Judging from these clients, it appears DataFox is gaining significant traction in the US market, though Janmaat told Startup Daily they have clients in other countries as well. DataFox plans on including international company profiles into their database and subsequently expand into international markets.
“We have subscribers all over the world, but most of the companies in our database are in the US. We plan to expand to global coverage later next year. The US continues to be such a leader in innovation that many of our international subscribers rely on DataFox to keep their fingers on the pulse of innovation in their respective sectors,” said Janmaat.
Given the startup is still in its early stages, it is constantly improving itself based on customer feedback. Thus, prioritisation is DataFox’s biggest challenge, according to Janmaat.
“We have over 130 pages of customer feedback, and are constantly readjusting our roadmap to solve the hard problems that our customers are clamoring about,” he said.
That said, he said that it’s been exciting to see how fast DataFox’s engineering team can move, not only in delivering on their original product roadmap, but also delivering customer requests in a matter of weeks if not days.
“We’re excited to have found product-market fit so quickly and now want to continue to build out our platform to keep up with customers’ requests,” said Janmaat.
“We pride ourselves on our very tight feedback loop with our customers.”
Given Australia’s investment culture has been deemed to be ‘risk-averse’, it will be interesting to see whether DataFox will alter that.
Although Ruwan Weerasooriya, Founder of Rewardle and Huge Capital, admits to not being close to the DataFox story, he said that “quality data delivered in a timely manner is critical to decision making.”

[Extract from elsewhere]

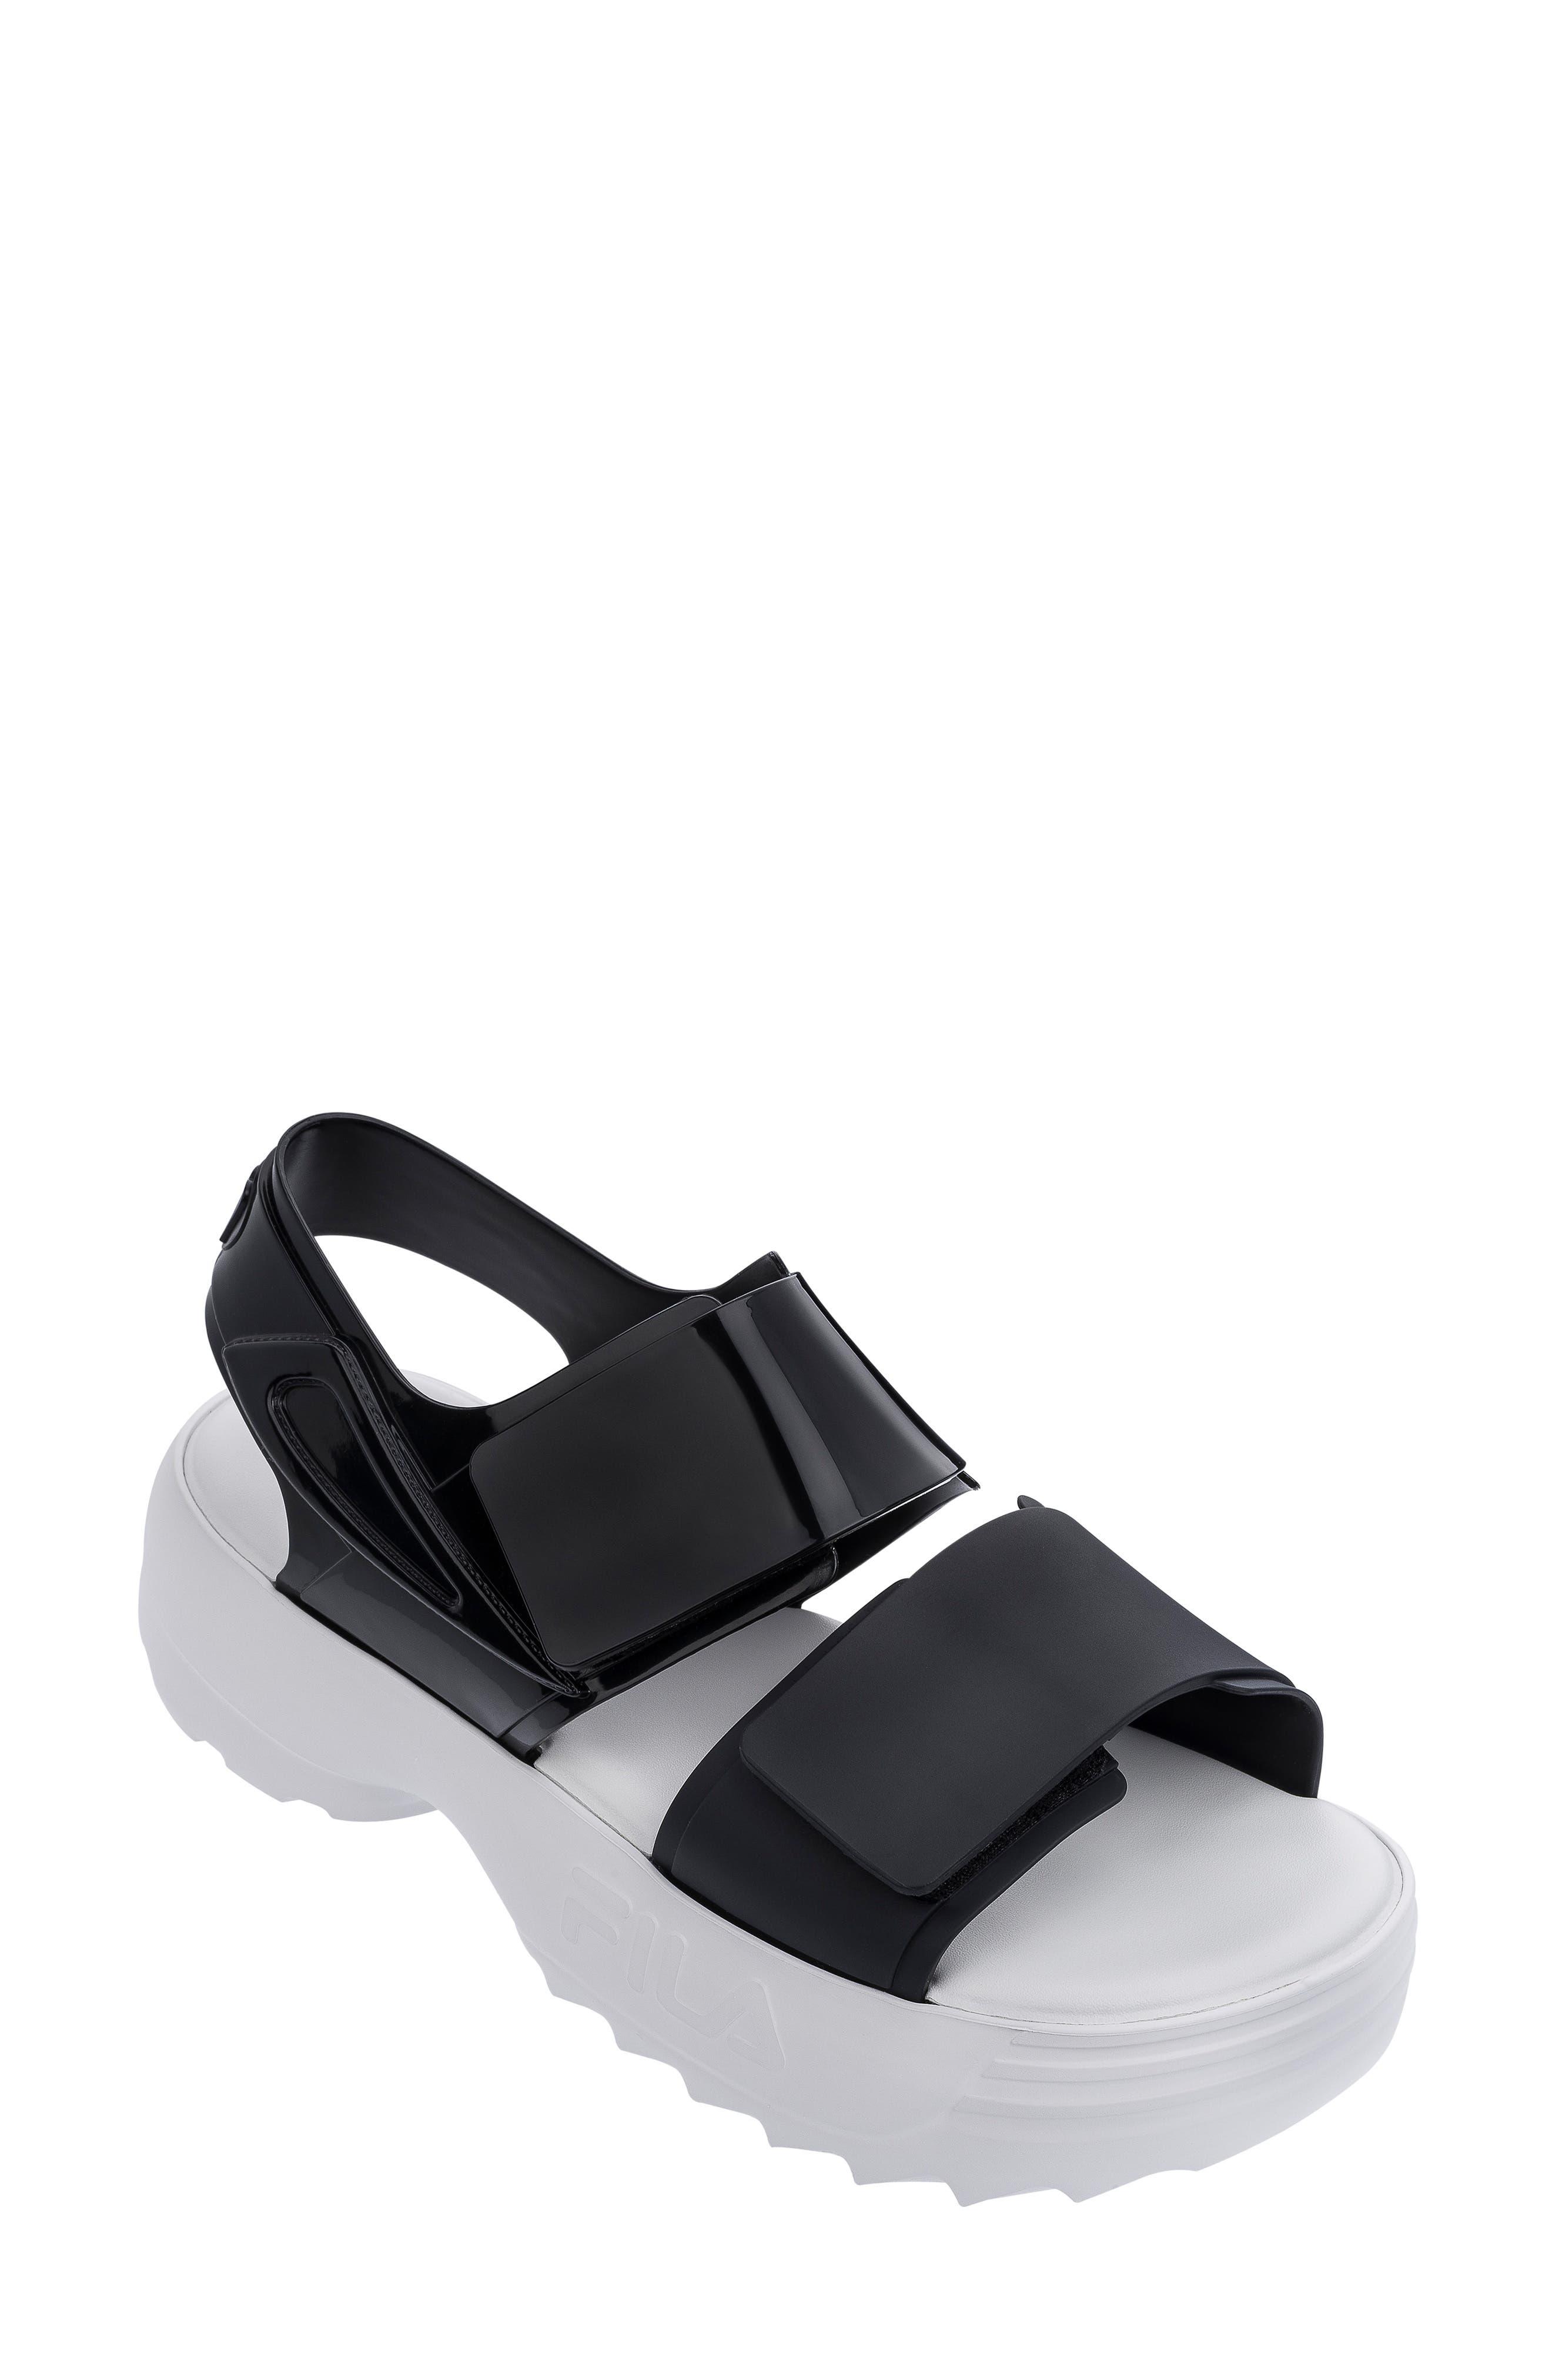 fila platform sandals

“There are so many sources of content and information that it is challenging to stay across it all and filter signals from noise. A service like DataFox may be an interesting tool to streamline the information flow,” he said.
Frolov from Oxygen Ventures told Startup Daily that the usefulness of tools like Crunchbase, PitchBook and DataFox depends on the stage that a company is in, in its lifecycle. “[The ] later the stage company we’re analysing, the more useful the tools I mentioned above (Crunchbase and Pitchbook) have for valuations and where Datafox can provide value.”
He added that when it comes to early-stage companies, it’s more the team and current traction that the firm is focused on when creating risk profiles for investments.
“Generally, information for investment in the tech startup scene locally is quite fragmented. Datafox may provide a means to consolidate that information into a more cohesive platform,“ said Frolov.
Bhandari, who is now the Co-Founder of Centre Wicket, and Founder of Ninyo, believes the commoditisation of data provides huge opportunities for investors and startups. He acknowledged two aspects to data – the first being, collection and storage, which he admits is becoming cheaper, more efficient and highly accessible. The second relates to customisation, configuration and analysis. Bhandari said DataFox’s utility in the local market will “depend somewhat on its ability to be customised for specific applications and also the end user’s knowledge on how to slice up and interpret large amounts of raw data, and form valuable conclusions from it.”
Although he believes that companies like DataFox have a big opportunity to be a provider of powerful but cost-effective tools, the market “may not yet have the skills and experience to take full advantage of the possibilities presented.”
“[It] may take some time and a process of education before the full benefits to customers are seen and pursued,” Bhandari added.